Analysis

Poland: 10Y yield followed core markets

Central banks in focus this week. MPC expected to keep target rate stable at 1.5%, while ECB most likely to deliver monetary stimulus. Uncertainty regarding Brexit and upcoming ECB decision to be key drivers of bond and FX market. If ECB disappoints market expectations regarding size of stimulus, we could see a reaction from EURUSD and zloty.

 

This week:

  • September 11: MPC to keep rates unchanged

We expect the MPC to keep the policy rate stable at 1.5%. We think that the MPC will sustain its dovish rhetoric and will most likely reiterate that the current inflation level is not worrisome. Inflation growth slowed down in August, as the headline figure came in at 2.8% y/y. Moreover, price pressure is mostly being driven by non-core items and hence remains out of the scope of monetary policy. However, we see mostly upside risks to the inflation outlook stemming from energy and food prices development next year. All in all, low inflation in the external environment and the expected monetary easing to be announced on September 12 by the ECB will support the stability of rates in Poland. We expect that the MPC will keep rates at record low levels until the end of 2020 or beyond.

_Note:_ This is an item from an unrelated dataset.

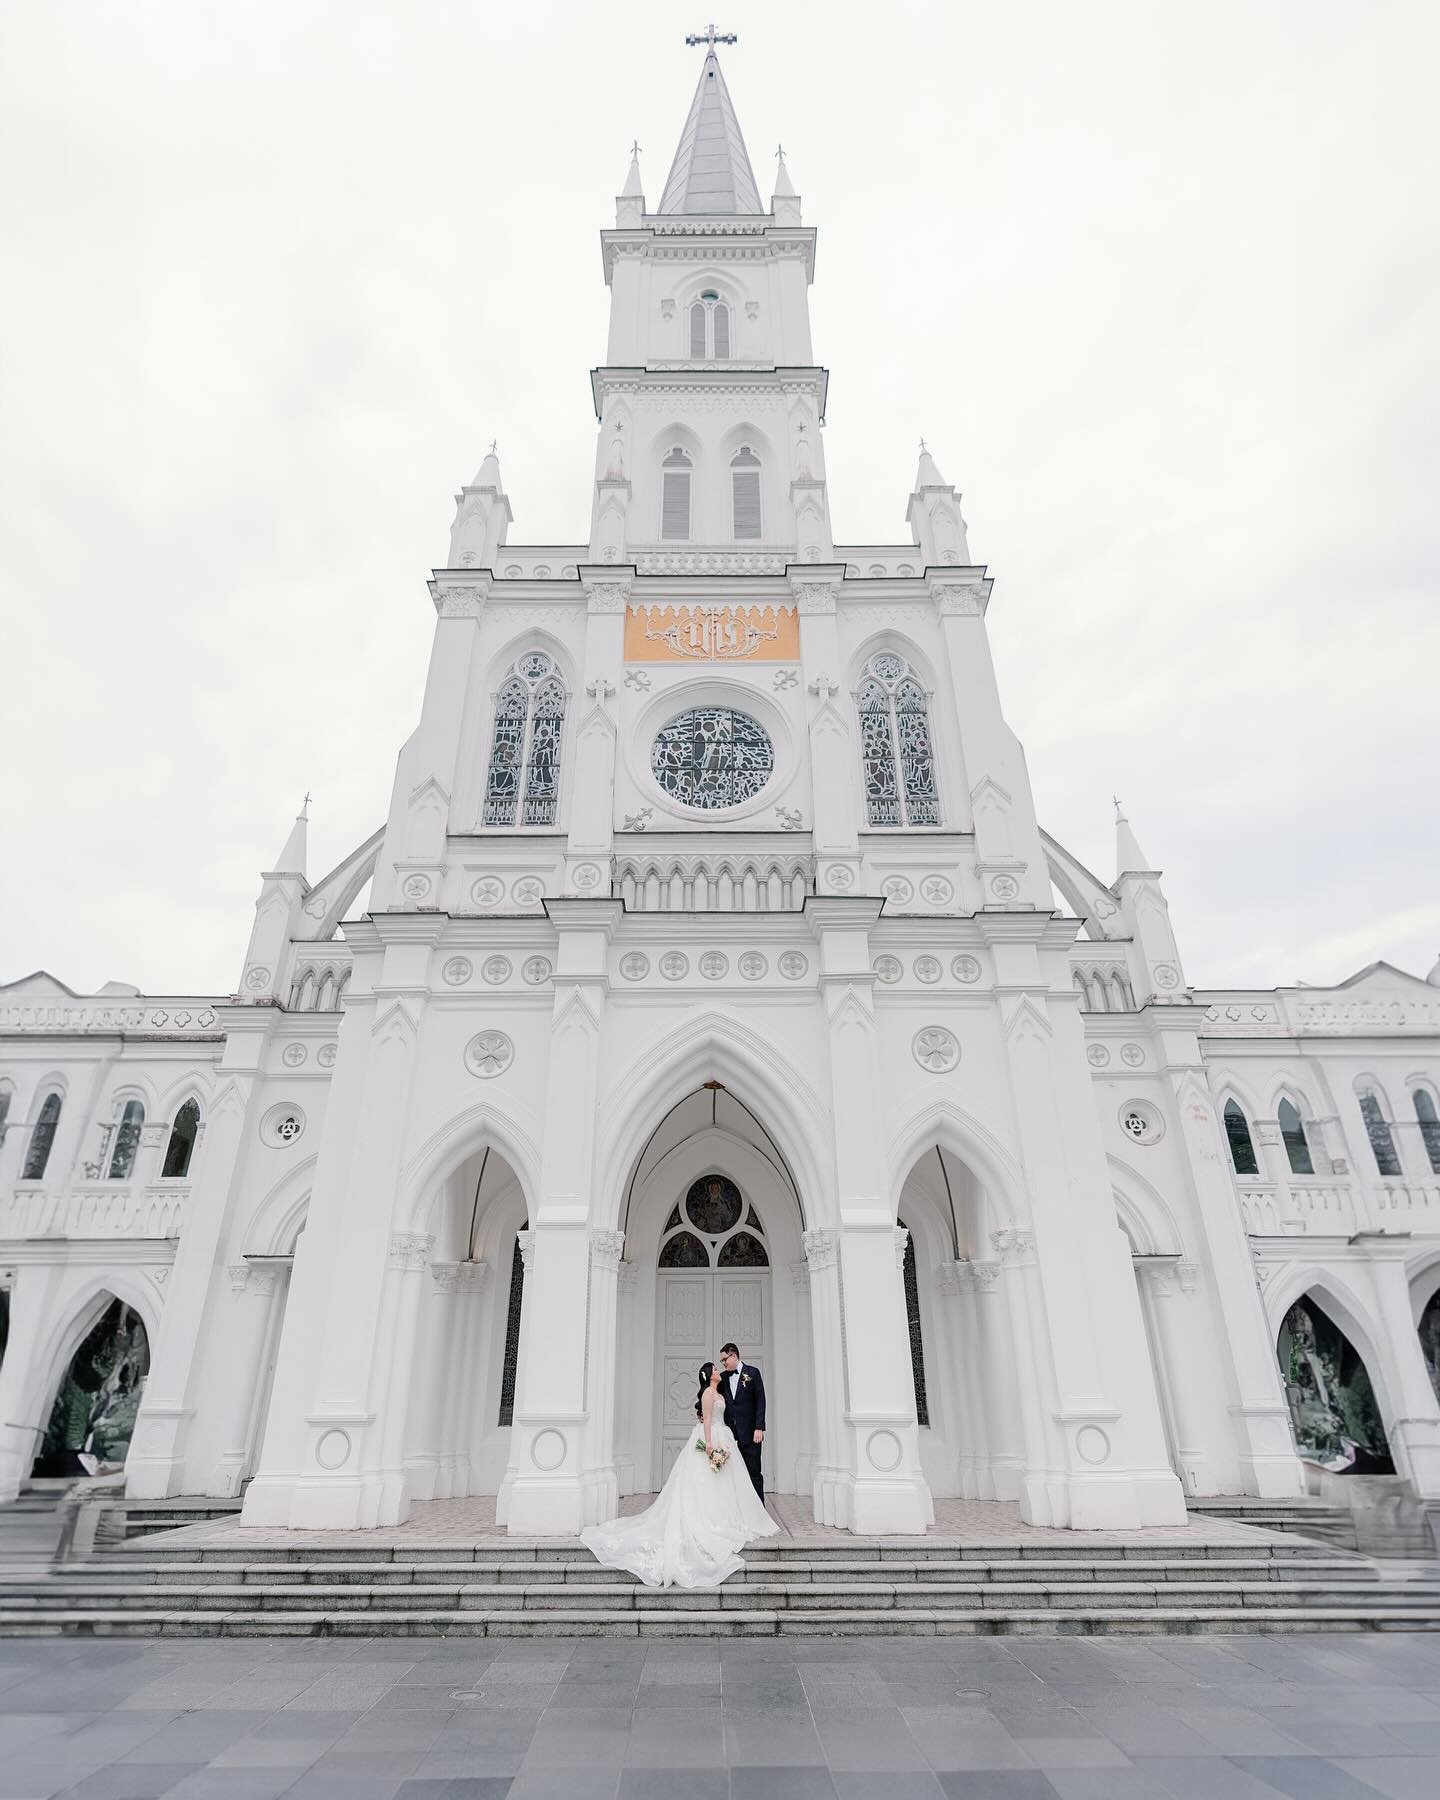 Cherie Ann &amp; Nicholas flew in to Singapore for a intimate wedding party with their closest families and friends. Before dinner, we took some photos for them, showcasing the grandeur and charm of @chijmes.sg ⛪️ 
-
Photo @antelopestudios 
Makeup @e

  • September 13: Flash inflation to be confirmed

We expect that the flash inflation estimate for August will be confirmed at 2.8% y/y (0.0% m/m). In our view, headline CPI will move within the upper bound of the target until year-end and will most likely peak at the end of 1Q20. Uncertainty regarding energy price development next year and the base effect could shift inflation above 3.5% in 1Q20.

 

Last week's highlights

  • S&P expressed concern over the possible implications of the ECJ ruling on FX loans, but the government remains more concerned about the global growth slowdown.

  • The Ministry of Family, Labor and Social Policy reported that the unemployment rate stood at 5.2% in August.

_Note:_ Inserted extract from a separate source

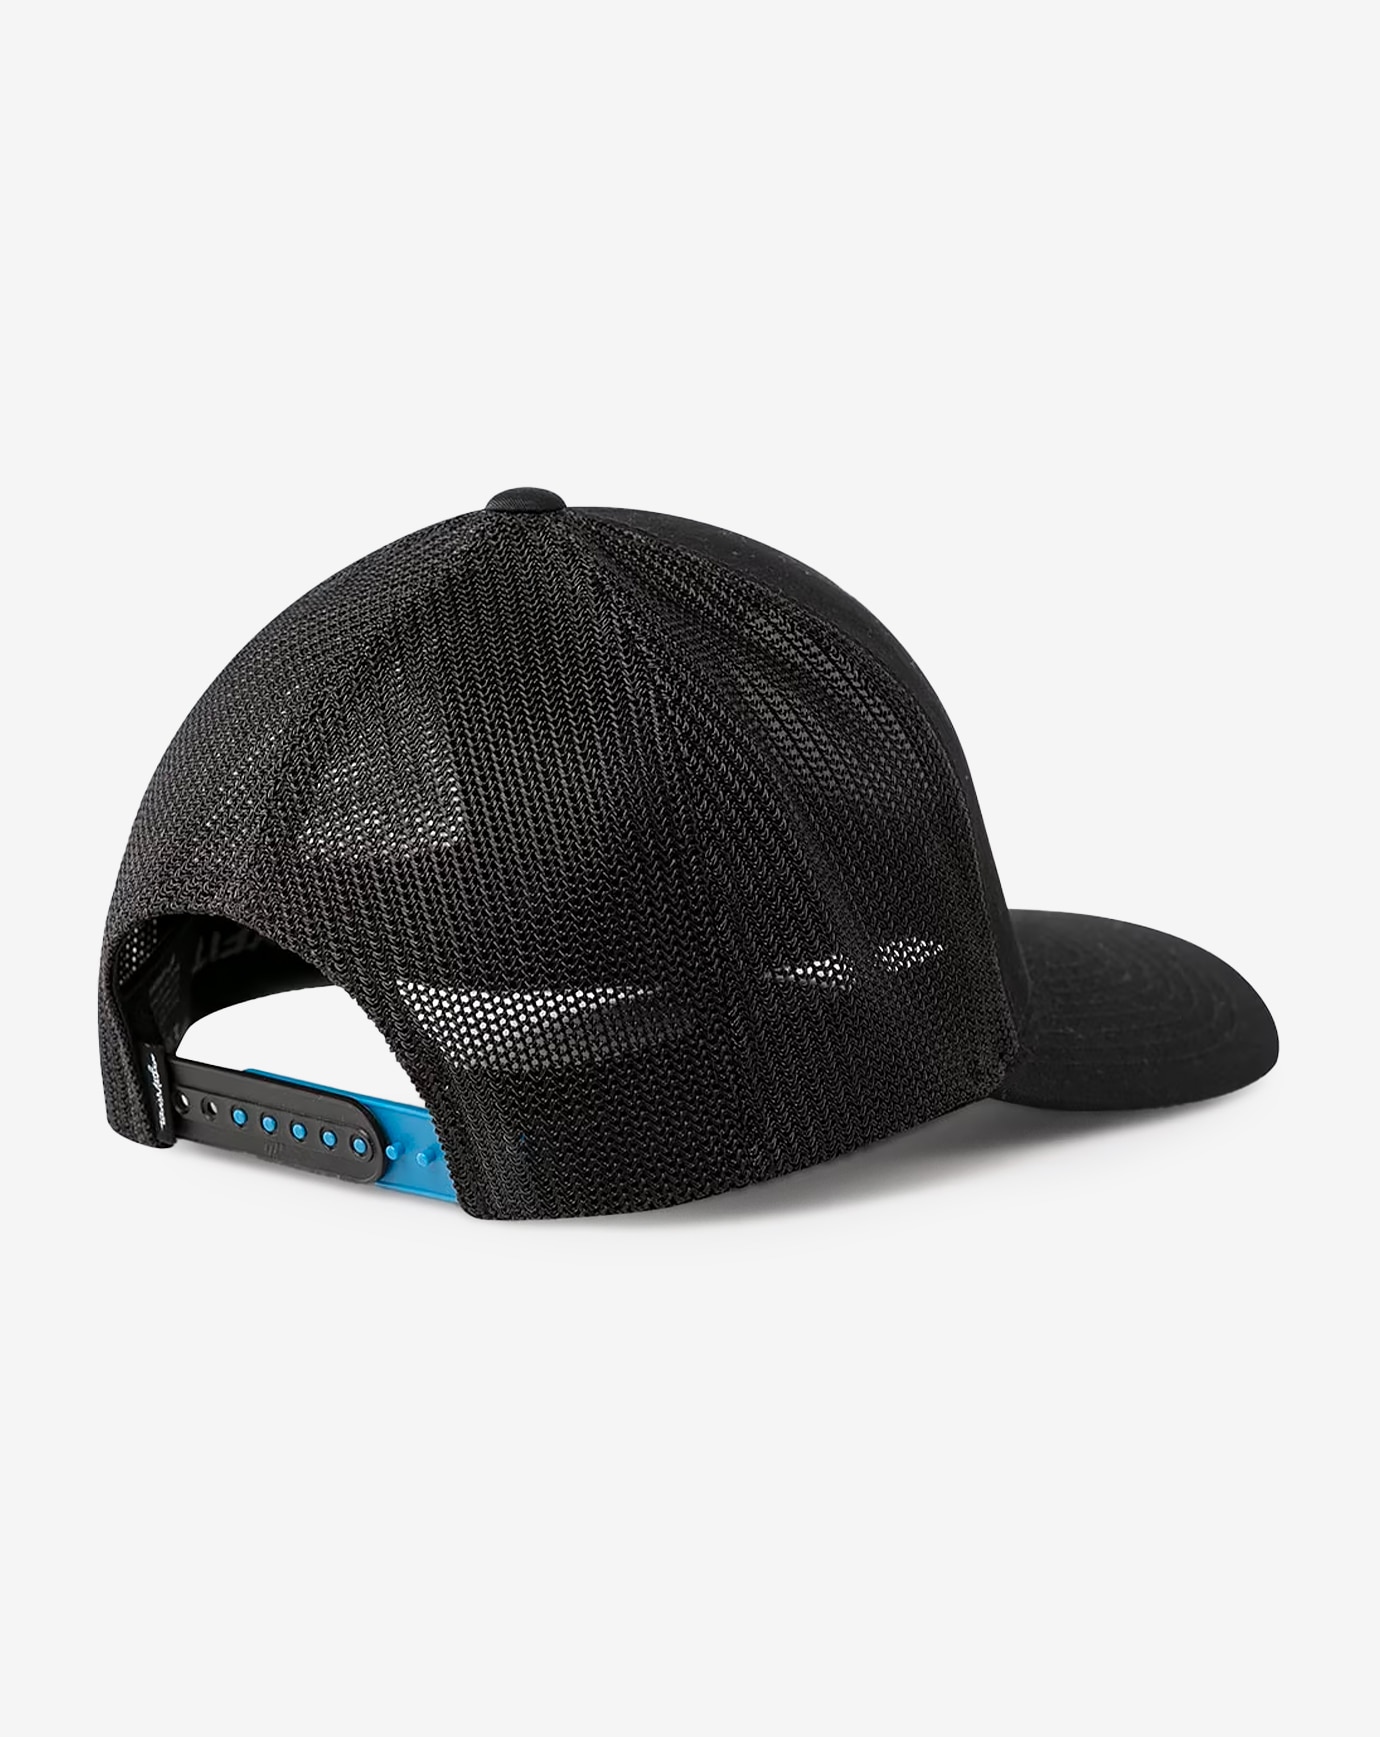 THE PATCH SNAPBACK HAT Image Thumbnail 3

  • The Ministry of Finance announced that 85% of this year's borrowing needs (according to the budget act) has already been covered and 20% of 2020 needs has been pre-financed.

 

Bond market drivers

  • 10Y yield followed core markets

Over the course of the week, the 10Y yield increased to 2% on the back of improved global sentiment and the somewhat lower risk of hard Brexit. As a result, the spread vs. the 10Y German Bund widened to 265bp. However, the spread widening is most likely due to the fact that investors started building up their expectations ahead of the ECB meeting later this week. We expect that Polish yields this week will follow core market developments.

  • Weekly performance of 5Y bonds (% in EUR)

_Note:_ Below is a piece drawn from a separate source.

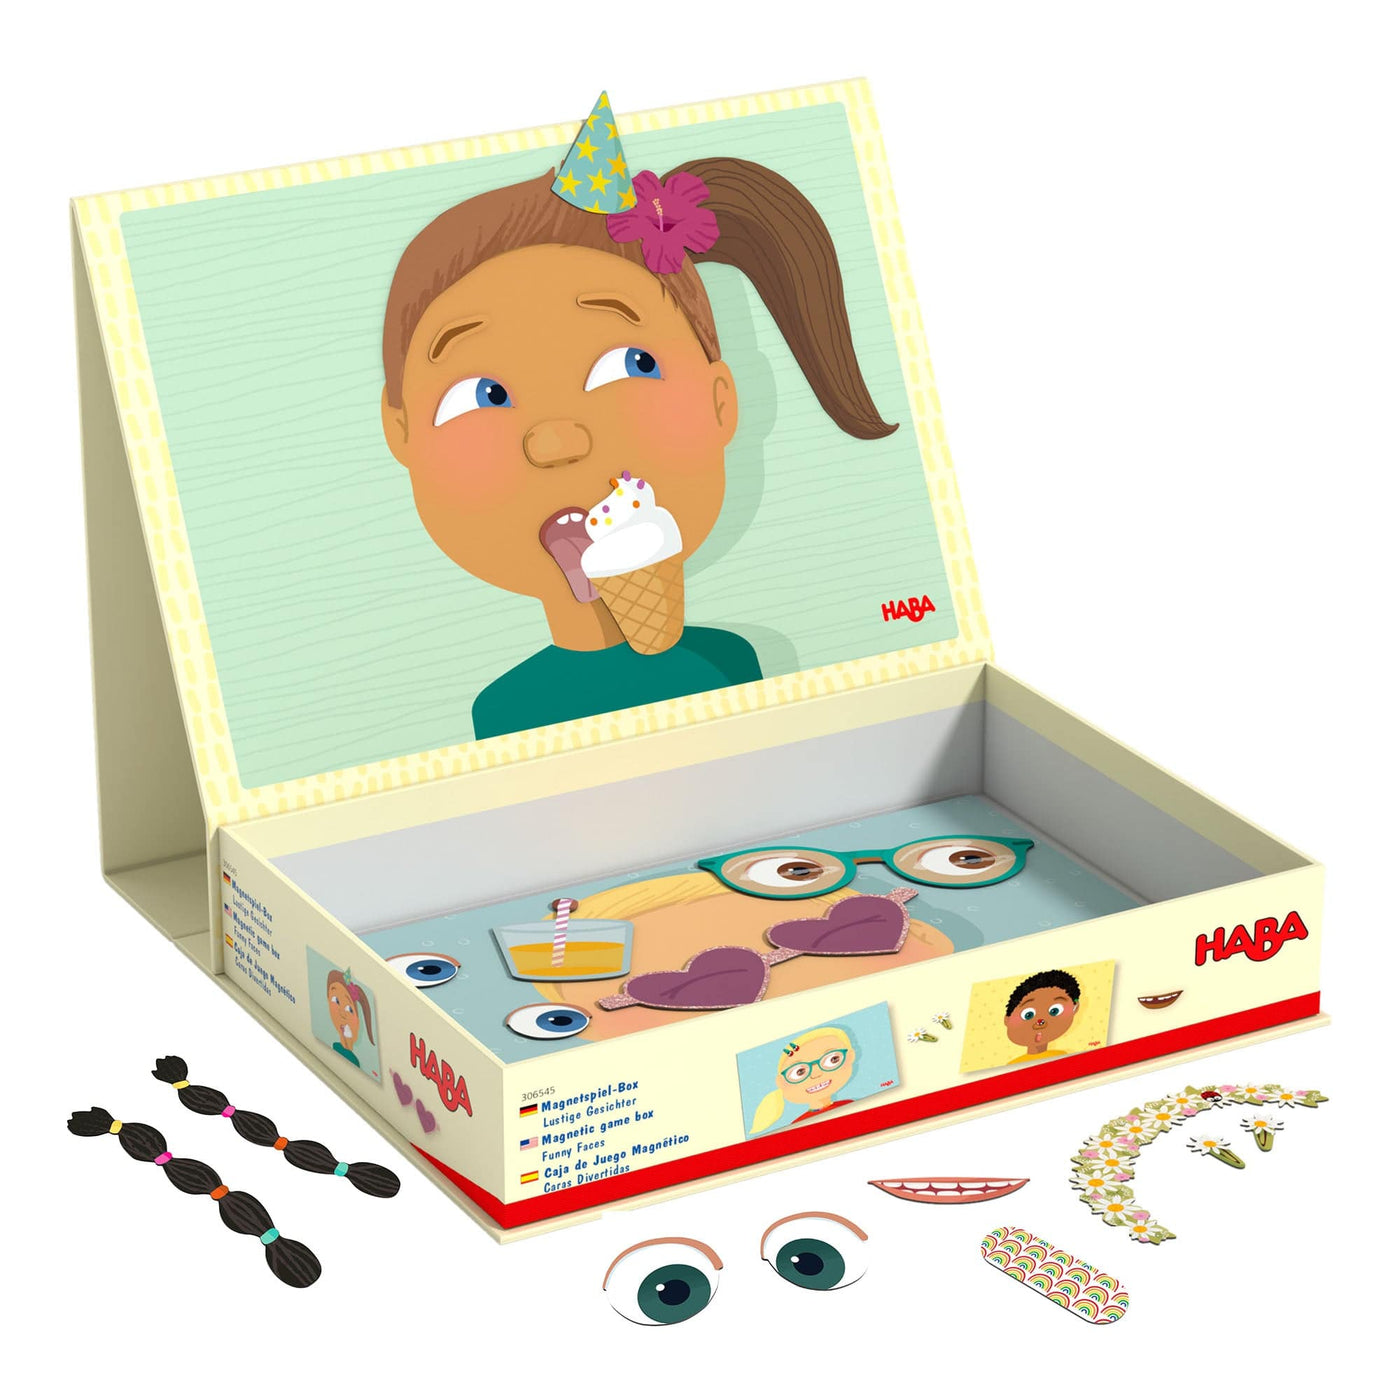 Funny Faces Magnetic Game Box | HABA USA

Yields increased considerably last week, amid the improving market mood and a likely rotation into stocks by investors. Spreads above German Bunds also increased in most CEE countries. A major outlier from this development is Croatia, where 10Y yields continued to slowly decline. We have therefore cut our 10Y HRK yield forecast. Also important to note is the increase in short-term rates in Romania, Poland and the Czech Republic in the last two weeks, indicating the lower probability of monetary easing assumed by the markets.

 

FX market drivers

  • Zloty took breath and went stronger

Last week, the zloty strengthened and the EURPLN closed the week marginally below 4.34. The zloty followed other CEE currencies and benefited from the improved global mood. The better than expected PMI for August could have also support the zloty. The ECB meeting will be the key event for the zloty this week. The gloomy outlook for the economy has pushed market expectations up, so a risk of a disappointment exists, which would in turn trigger a reaction from the EURUSD and influence the zloty.